Solved: another common site review problem

Okay, go read this post on the Google webmaster blog. In fact, if you read my site, you really should add the Official Google webmaster blog feed to your list of subscriptions, because that blog is almost 100% SEO/webmaster-related posts, and it is official. Done reading? Okay, I’ll give you my personal take on why I like this idea.

I’ve done a lot of site reviews in my time. Many of them go like this:

Webmaster: Matt, can I get a site review for ExampleCo??
Me: Hey, I’ve heard of Example. I really like your red widgets.
Webmaster: Thanks! We’re rolling out a new line of blue widgets this fall. The site is example.com.
Me: Okay, let’s take a quick look.

(small chat about blue widgets until the site loads.)

Me: Huh.
Webmaster: What? What does “Huh” mean?
Me: Well, when I visit www.example.com I get map of the world and then at the bottom of the page there’s a dropdown to select which country version of Example to go to next.
Webmaster: Right. Example is a big business with lots of different country-level domains, so we have to ask the user where they want to go. Why, is that a problem?
Me: It sort of is. Dropdown boxes and forms are kind of like a dead end for search engine spiders. Historically we haven’t crawled through them.
Webmaster: But it’s just a dropdown box with ten countries listed. You can’t just crawl that?
Me: Not really. Think of search engine spiders much like small children. They go around the web clicking on links. Unless there’s a link to a page, it can be hard for a search engine to find out about that page.
Webmaster: But it’s just ten countries. Couldn’t the search engine just pick one of those values and keep going?
Me: In theory you could do that, but in practice the major search engines don’t usually do that.
Webmaster: That sucks. I like how clean the page looks. Is there a way around that?
Me: Sure. You could put the list of countries at the bottom of the page and make them hyperlinks so that Googlebot can crawl through to the other urls. A good rule of thumb is to take a look at your site in a text browser like Links or an ancient browser with JavaScript/CSS/Flash turned off. If you can reach all your pages just by clicking regular links, your site should be pretty crawlable.
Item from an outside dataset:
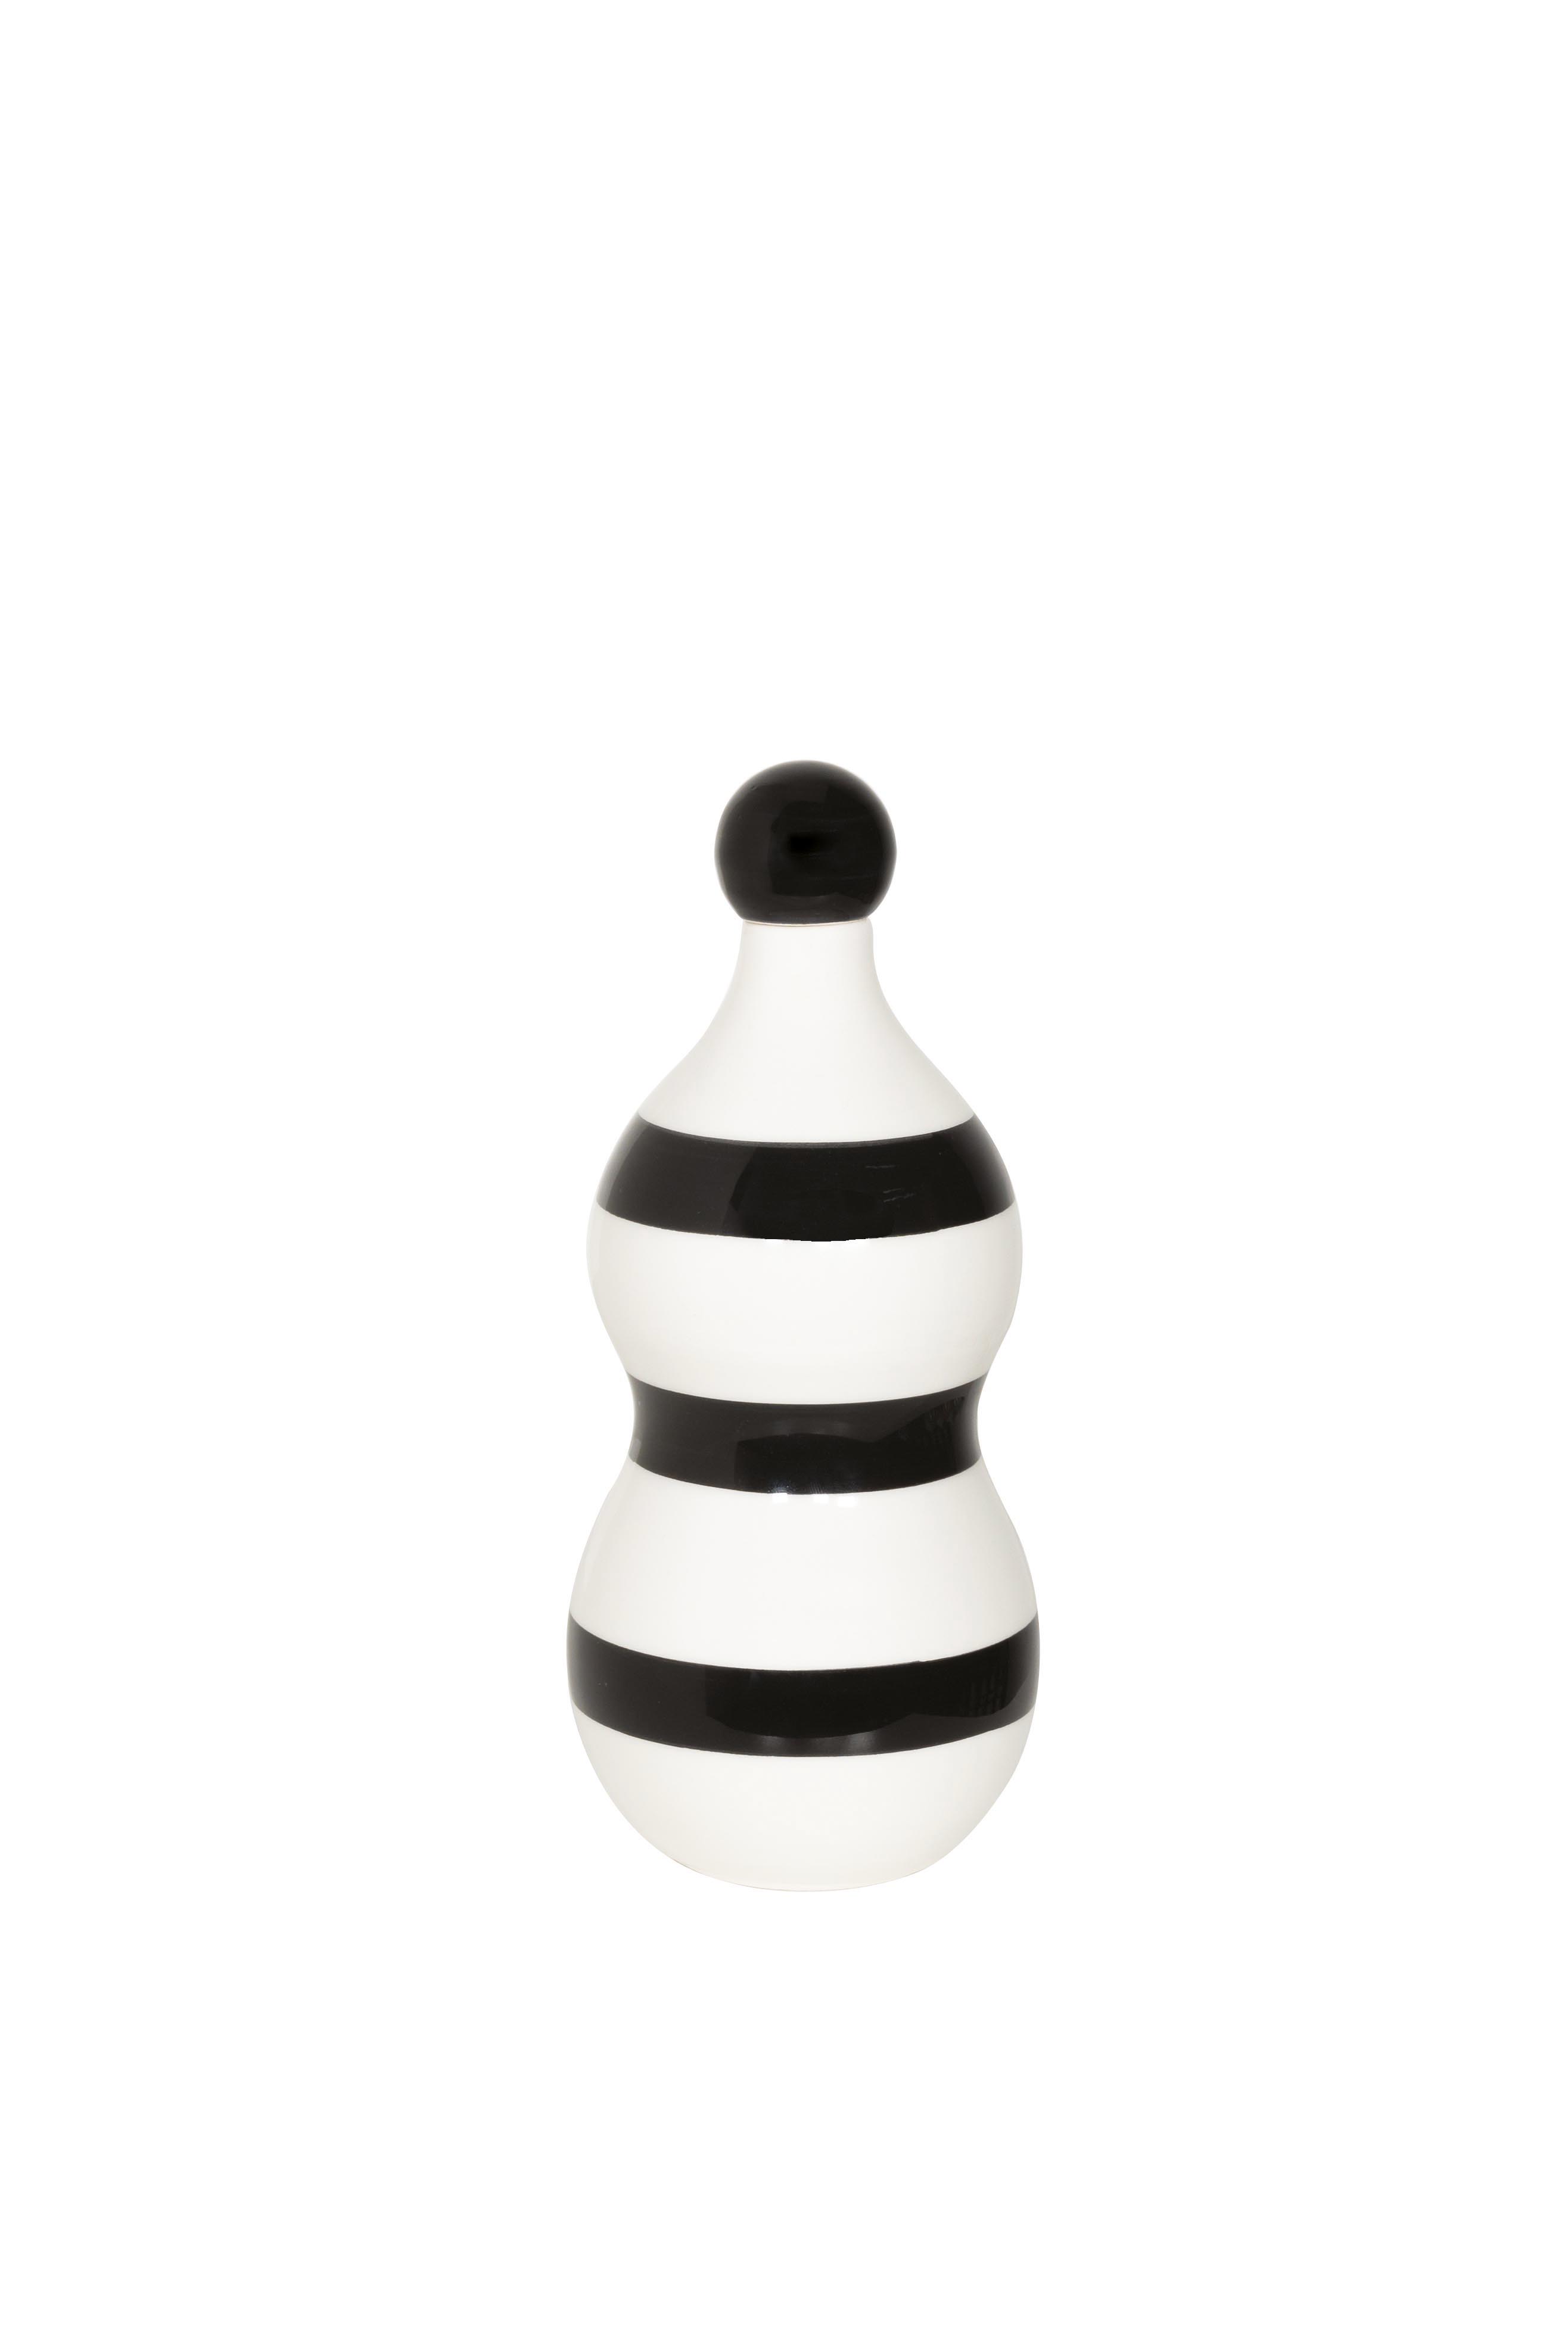 Zafferano Lido Keramik Flasche mit horizontalen Ringen in schwarz

I’ve had this conversation a lot over the years. Savvy webmasters and SEOs know how to make a site crawlable, e.g. making sure that someone can reach every page on a site via normal HTML links. But the web is filled with sites that have a dropdown box or some other form that search engines typically didn’t know how to handle.

Now Google is finding ways to crawl through forms and drop-down boxes. We only do this for a small number of high-quality sites right now, and we’re very cautious and careful to do the crawling politely and abide by robots.txt. If you’d prefer that Google not crawl urls like this, you can use robots.txt to block the urls that would be discovered by crawling through a form. But I hope that the dialog above is a pretty good example of why this new discovery method can be helpful to webmasters.

Danny asks a good question: if Google doesn’t like search results in our search results, why would Google fill in forms like this? Again, the dialog above gives the best clue: it’s less about crawling search results and more about discovering new links. A form can provide a way to discover different parts of a site to crawl. The team that worked on this did a really good job of finding new urls while still being polite to webservers.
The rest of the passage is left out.